En agosto, The Threepenny Opera, escrita por Bertolt Brecht con música de Kurt Weill, regresará a Buenos Aires después de casi un siglo desde su debut. La producción, que se ejecutará a partir del 21 de agosto en el Teatro Presidente Alvear, marca la primera producción conjunta entre el Teatro Colón y el Complejo de Teatro de Buenos Aires. Dirigida por Gabriel Calderón y con dirección musical de Annunziata Tomaro, la obra fue creada durante los últimos años de la República de Weimar y ofrece una crítica aguda de un mundo en el que los criminales, los empresarios y las autoridades operan dentro del mismo sistema.

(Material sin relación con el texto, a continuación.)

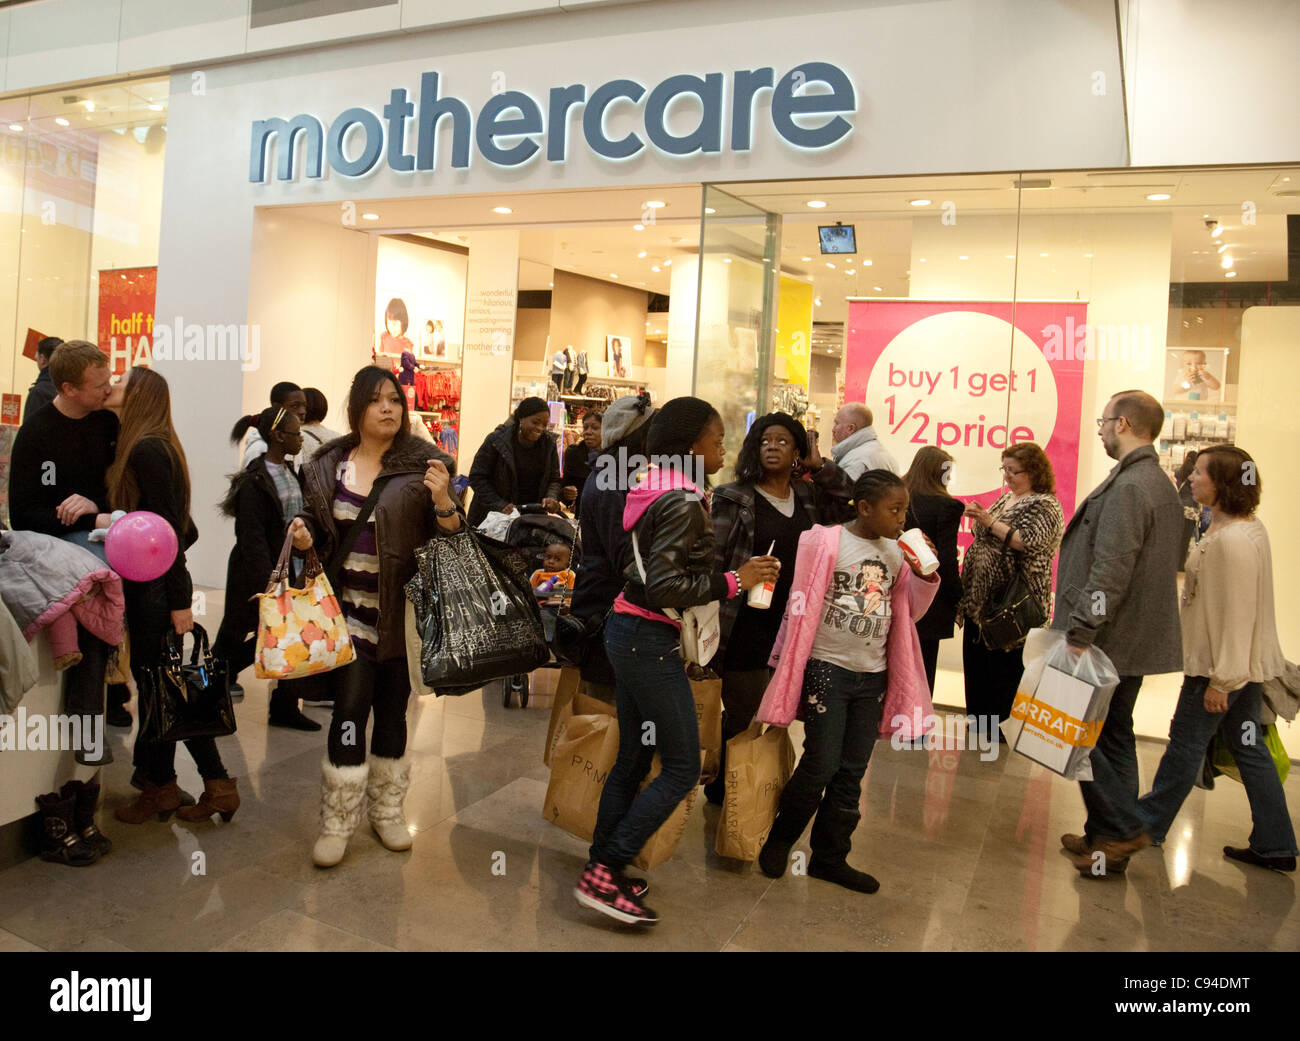 Mothercare store, Westfield shopping centre Stratford london UK Stock Photo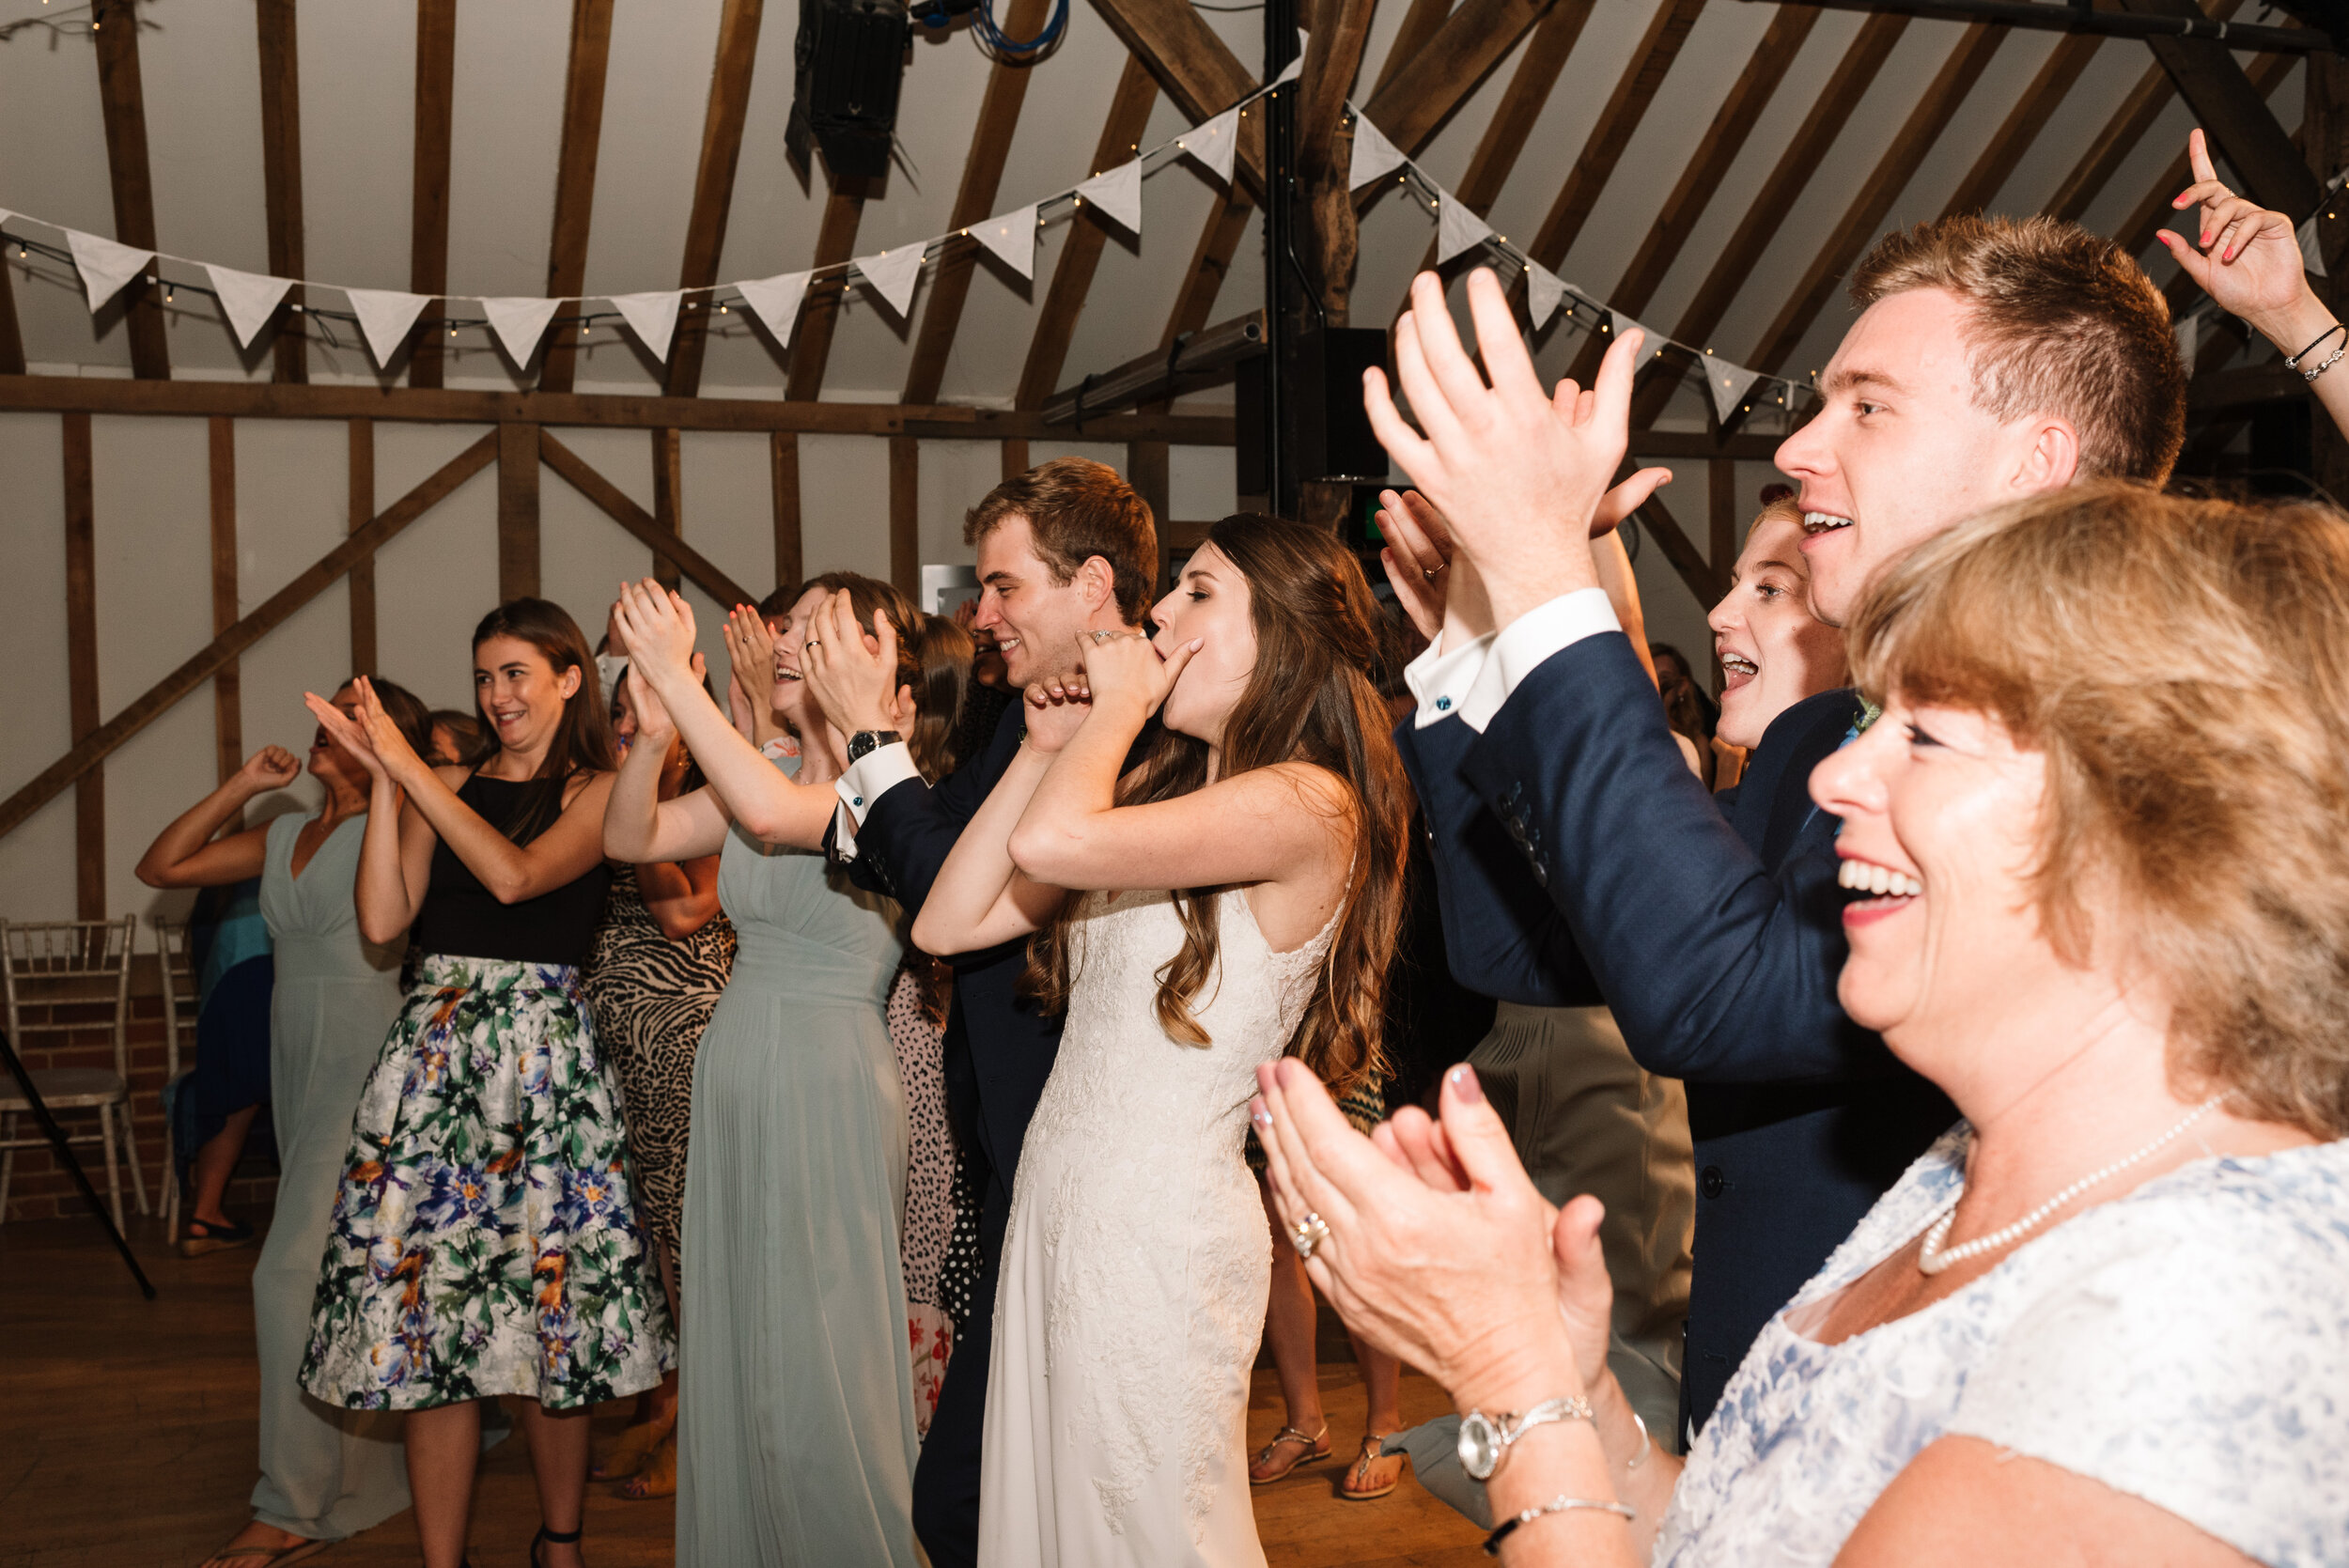 Bride and groom clapping for wedding band at Hanger Farm

Calderón ve relevancia contemporánea en la obra, sin embargo, enfatiza la importancia de evitar que la actuación parezca un comentario directo sobre los problemas de hoy. En su lugar, su enfoque se centra en resaltar la contradicción inherente a la pieza y trabajar con ella durante los ensayos. Calderón describió la importancia de esta colaboración entre dos instituciones con especializaciones distintas. Señaló que las organizaciones públicas tienen cada una sus propias dinámicas internas, y aunque no conoce profundamente Argentina, observa que hay objetivos y intenciones creativas compartidas. El desafío radica en alinear estos diferentes enfoques en una producción cohesiva.
A pesar de las dificultades iniciales para entenderse mutuamente, cree que la asociación puede conducir a resultados significativos a través del apoyo mutuo y las fortalezas complementarias. Reconoció que si bien el proceso puede ser lento, el potencial de sinergia es prometedor. La decisión de poner en escena The Threepenny Opera surgió por iniciativa del Teatro Colón y el teatro San Martín.
Mientras que muchos asocian la ópera con grandes orquestas y elaboradas producciones, Brecht trató de hacerla más simple y accesible. Esto condujo a una forma única de expresión operística, que es pequeña en escala pero rica en profundidad teatral. Con más de 20 canciones y más de 20 actores y músicos, la producción es modesta y ambiciosa. Sus colegas respondieron que aunque era pequeña en comparación con las producciones típicas de Colón, todavía era una empresa significativa. La complejidad del proyecto se hizo evidente cuando consideraron el número de artistas y los intrincados arreglos musicales. A pesar de estos desafíos, Calderón se sintió atraído por el trabajo.
Se refirió a una frase atribuida a Brecht, aunque no directamente de esta obra en particular, que resonó con él dadas las circunstancias globales actuales. En tiempos en que defender verdades obvias se siente necesario, los textos de Brecht llevaban una simplicidad peligrosa. Sus obras no eran simplemente sobre la declaración de mensajes claros, sino sobre cómo la puesta en escena y la actuación misma construyó el significado. Los métodos de Brecht a menudo implicaban técnicas de distanciamiento para evitar la propaganda directa. Su objetivo no era simplemente declarar una verdad, sino explorar cómo todo el aparato teatral podría moldear la percepción.
Esta filosofía continúa resonando con Calderón, quien ve la obra como una herramienta poderosa para involucrar al público con realidades sociales complejas. Al centrarse en la estructura y la ejecución en lugar del contenido solo, la producción tiene como objetivo provocar el pensamiento y la reflexión. El desafío, como reconoce Calderón, es equilibrar la fidelidad a la obra original con la necesidad de presentarla de una manera que se sienta relevante sin ser didáctica.